Sinds dit artikel het peer-review proces ingegaan is, is duidelijk geworden dat een aanzienlijk deel van de besmettingen geen antilichamen hoeft aan te maken omdat o.a. T-cellen het virus al prima aan kunnen. Het is waarschijnlijk dat corona zo’n 1,5 tot 2 maal zo gevaarlijk is/was als de seizoengriep (die een sterfkans heeft van 0,1%).1
De robuuste reactie van het immuunsysteem maakt dat je maanden tot jaren immuun bent. (Het artikel concludeert: “Onze resultaten tonen aan dat antivirale antilichamen tegen SARS-CoV-2 niet afnamen binnen 4 maanden na diagnose.”) Daarna ben je wel weer vatbaar, maar word je veel minder ziek.
Het statistisch lage risico onder de jonge gezonde bevolking in combinatie met gunstige immuunreactie, maakt natuurlijke groepsimmuniteit2 de minst schadelijke optie. Mits (1) de hoog-risicopopulatie goed beschermd wordt bij het opbouwen van groepsimmuniteit en (2) laag-risicopopulatie een beheersbare dosis virus ontvangt, kan dit opgebouwd worden met minimaal risico op ernstige ziekte/sterfte.
Vaccin kan maar is niet strikt noodzakelijk. Wachten op een vaccin leidt ook tot emotionele/sociale/economische en gezondheidsschade. Daarnaast heeft een vaccin ook gezondheidsrisico’s en hoeft het niet 100% werkzaam te zijn. Er is minimaal 10 jaar onderzoek nodig om de veiligheid van een vaccin voldoende aan te kunnen tonen.
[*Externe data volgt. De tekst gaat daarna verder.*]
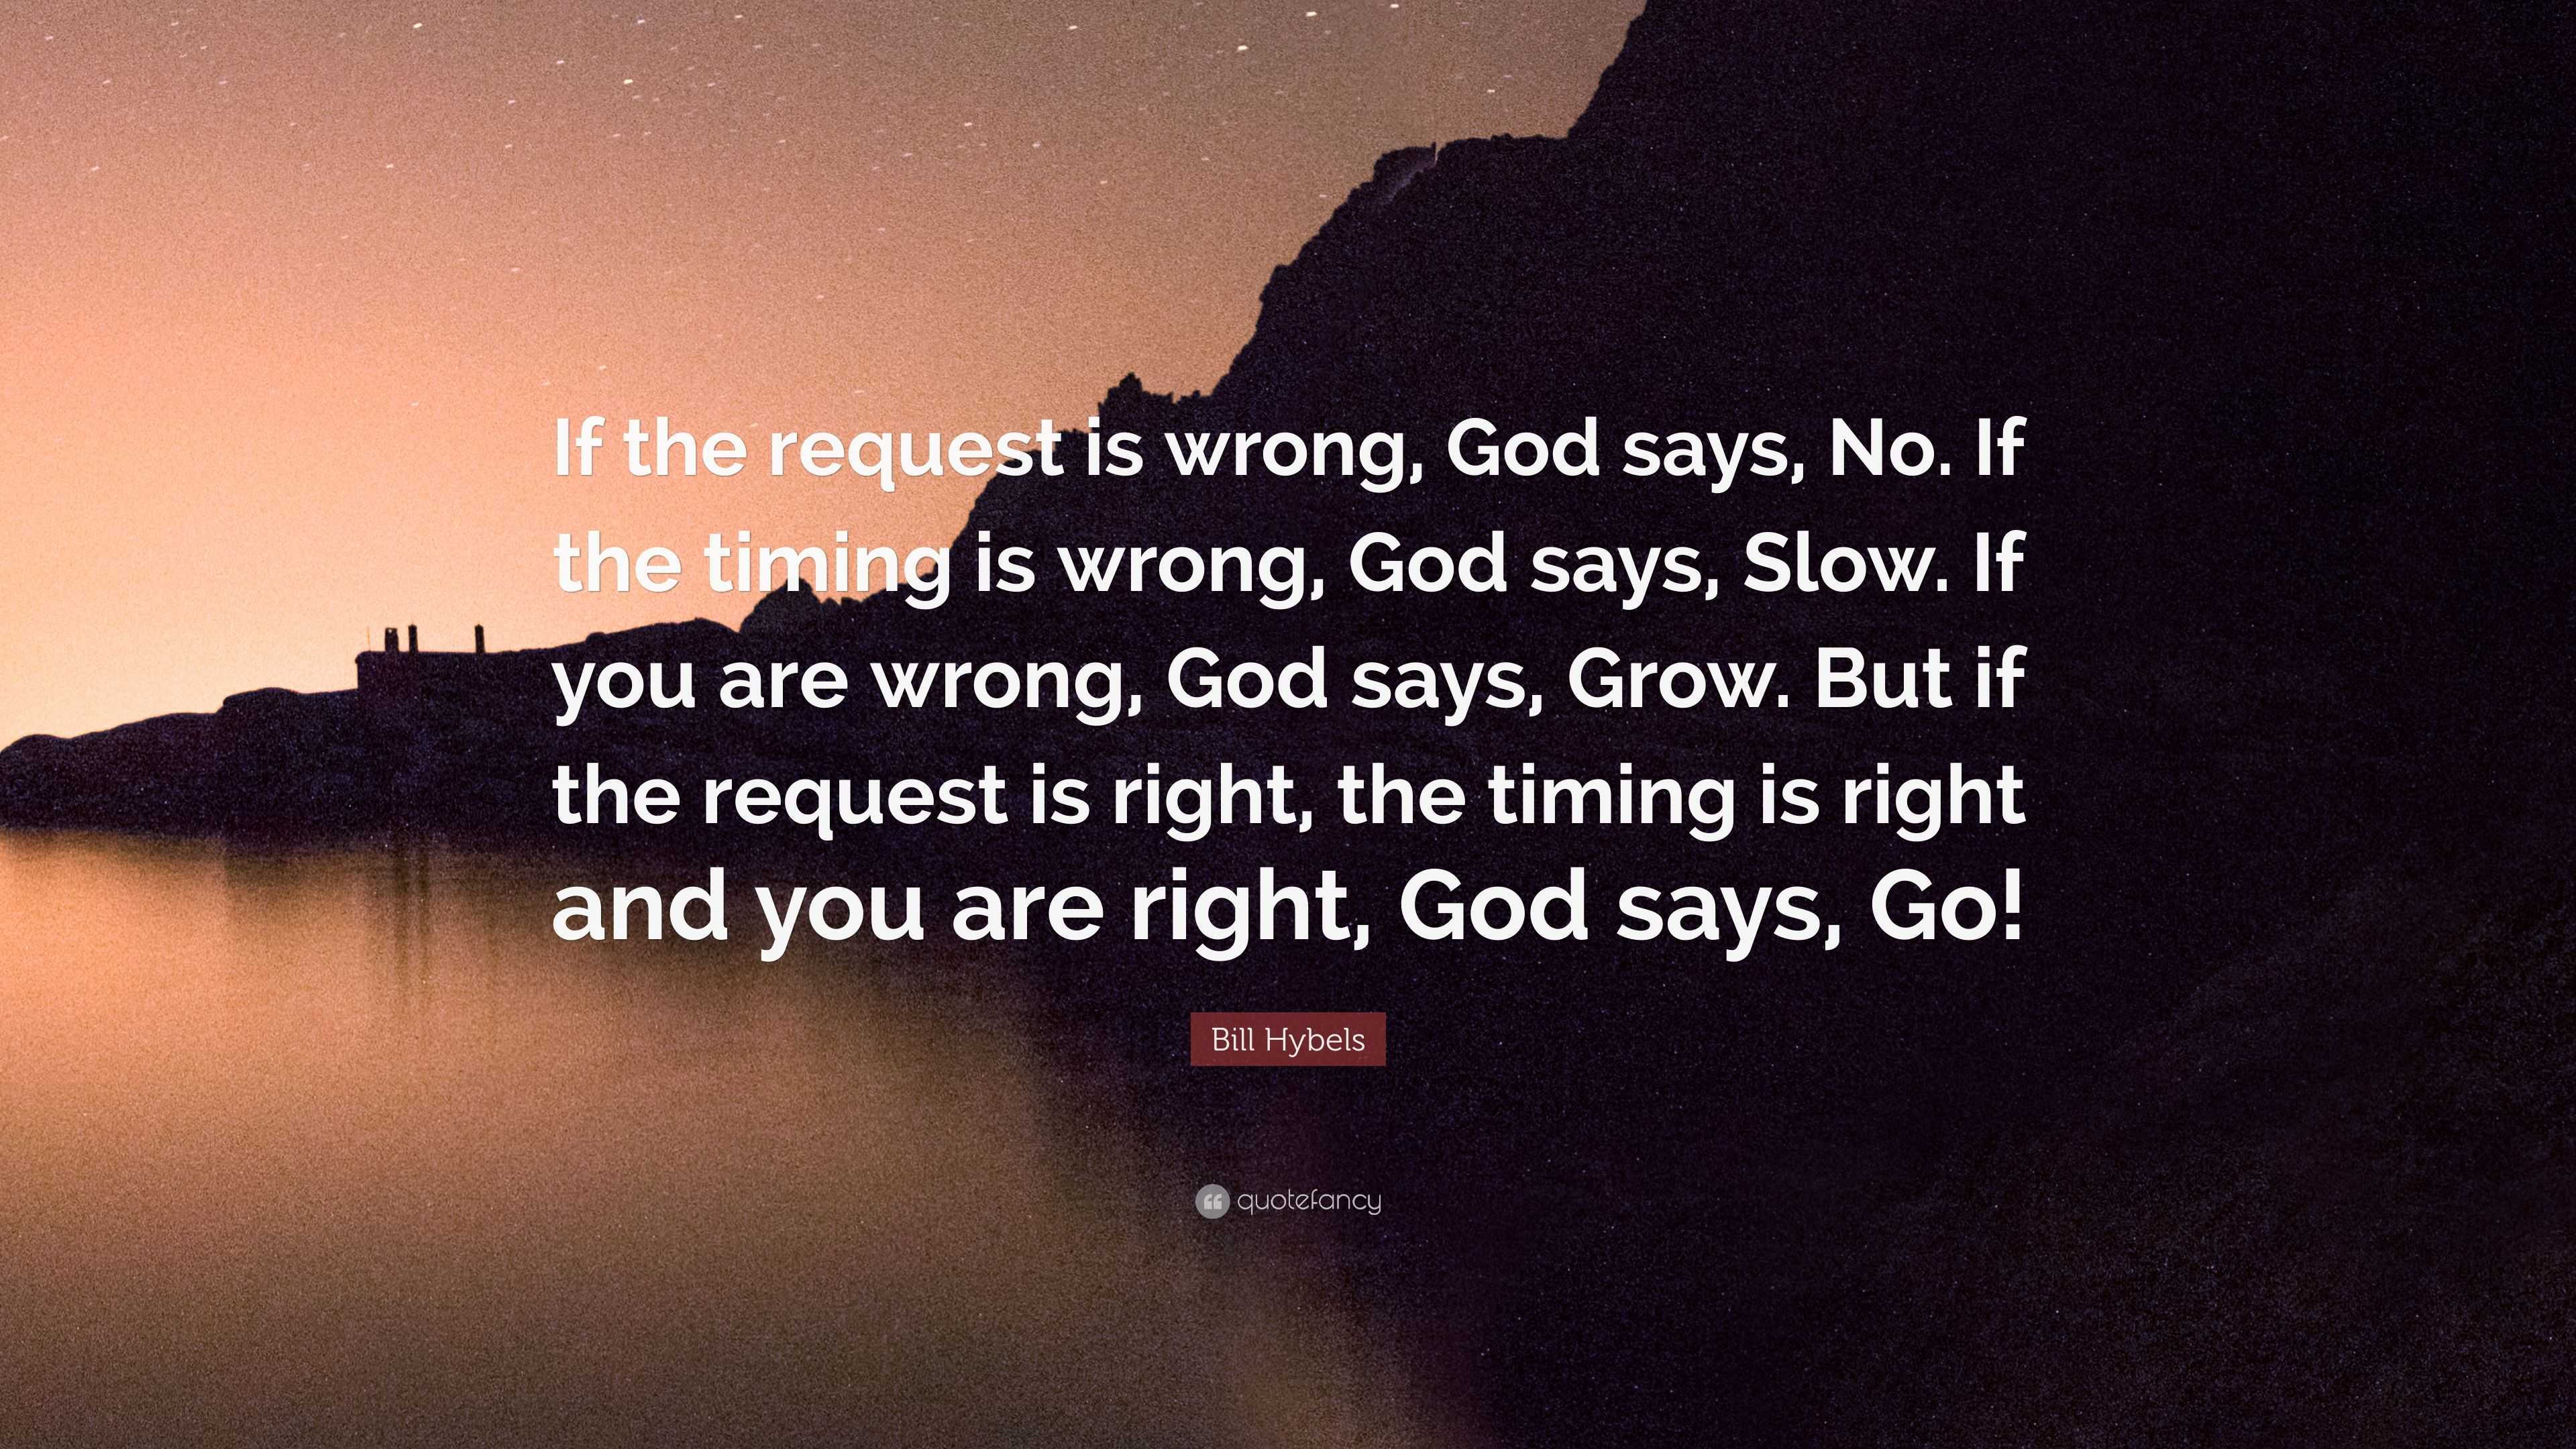 Bill Hybels Quote “If the request is wrong God says No

Het is aannemelijk dat coronavaccins aanzienlijk eerder op de markt zullen komen en de veiligheid dus allesbehalve gegarandeerd is.
[1] De inmiddels opgebouwde immuniteit, betere behandelprotocollen en medicijnen, betere voorbereiding, meer persoonlijke beschermingsmiddelen, mutatie van het virus naar een minder ziekmakende variant, betere ventilatie, slimmer testen met thuistesten, etc. maken dat corona in de toekomst waarschijnlijk aanzienlijk minder ziekmakend zal zijn dan in het verleden.
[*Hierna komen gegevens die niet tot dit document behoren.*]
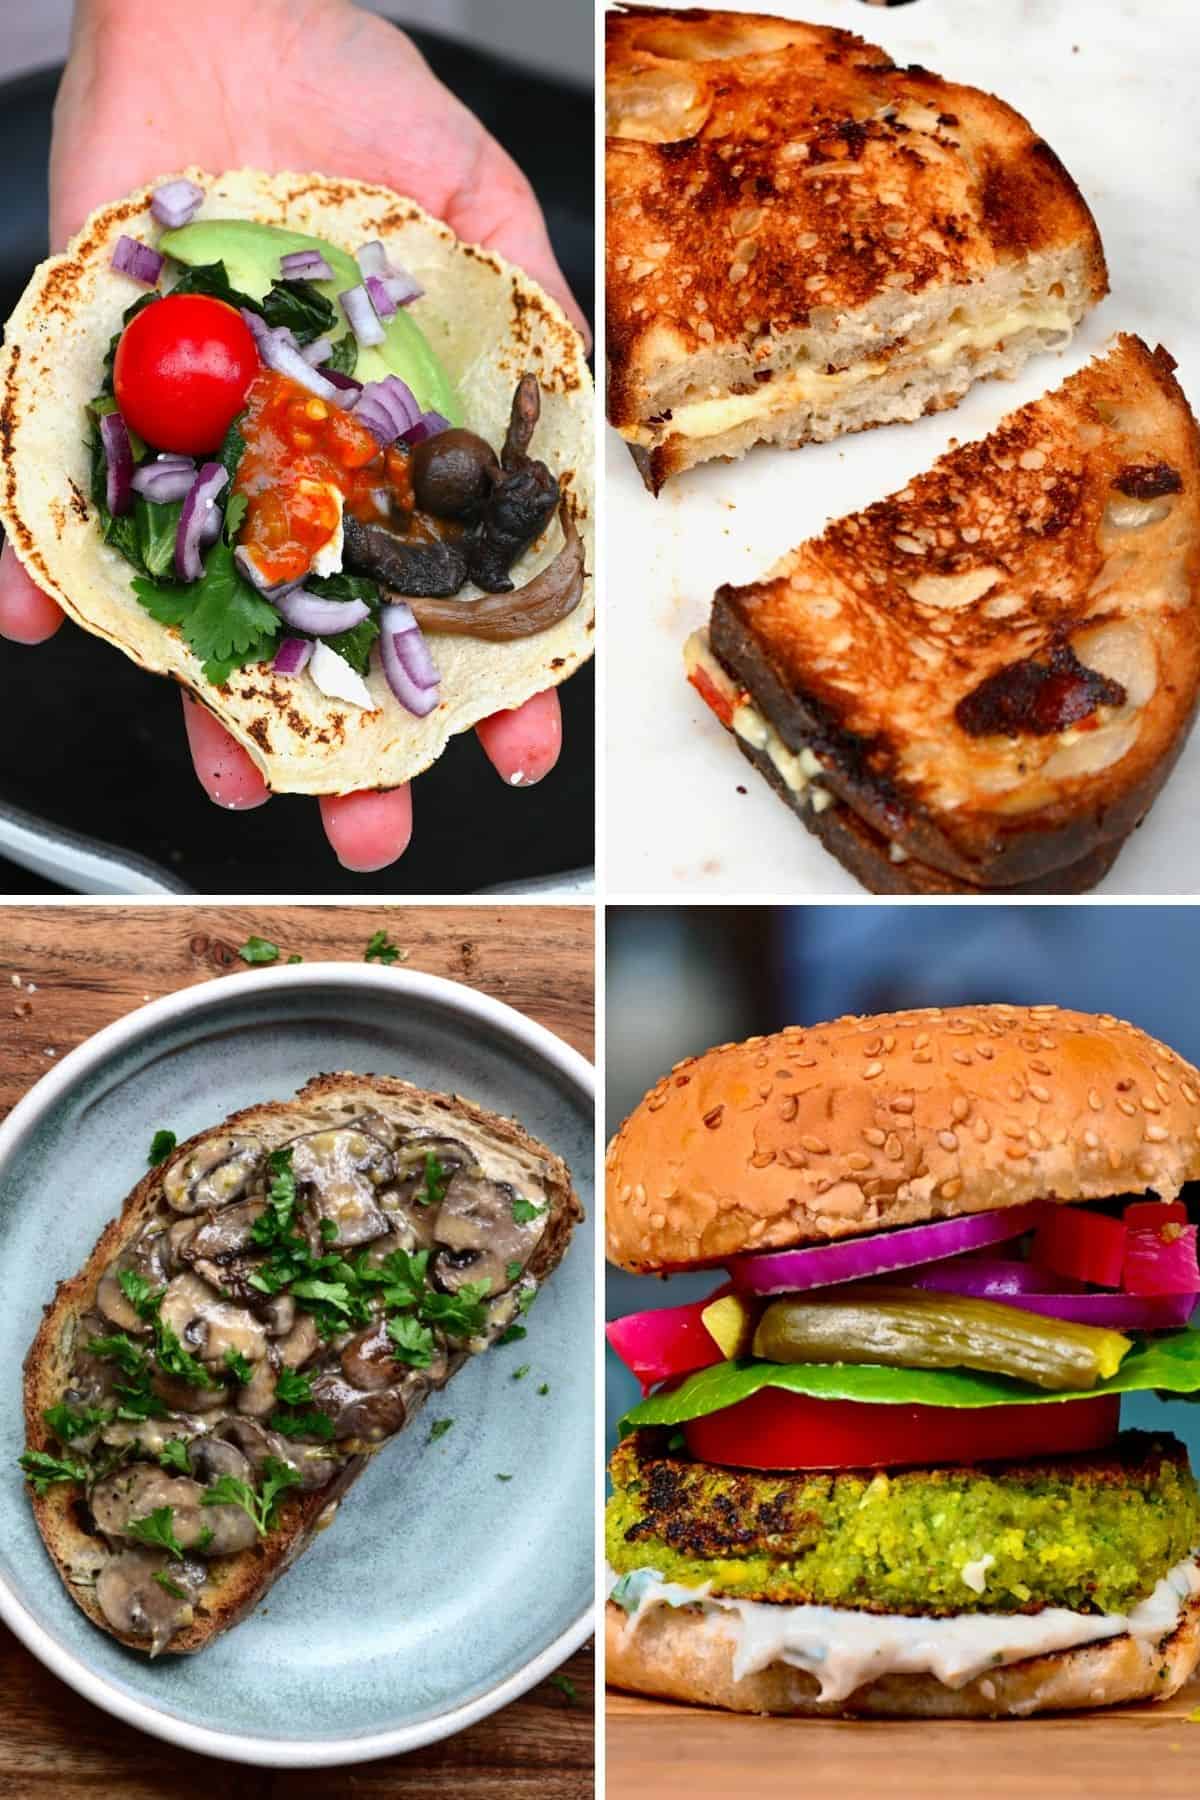 https://www.alphafoodie.com/wp-content/uploads/2022/09/Hot-Lunch-Ideas-Toasts-tacos-and-buns.jpeg

[2] Er zijn hoopgevende signalen dat groepsimmuniteit al haast bereikt is. Zo 50% heeft al ofwel kruisimmuniteit vanwege corona verkoudheidsvirussen of is minder vatbaar vanwege minder (ACE2?) receptoren. Dan is er nog maar 15-20% extra nodig om groepsimmuniteit te bereiken en dat is er waarschijnlijk al zo’n beetje. Zie onderstaande video van prof. theoretische epidemiologie Sunetra Gupta.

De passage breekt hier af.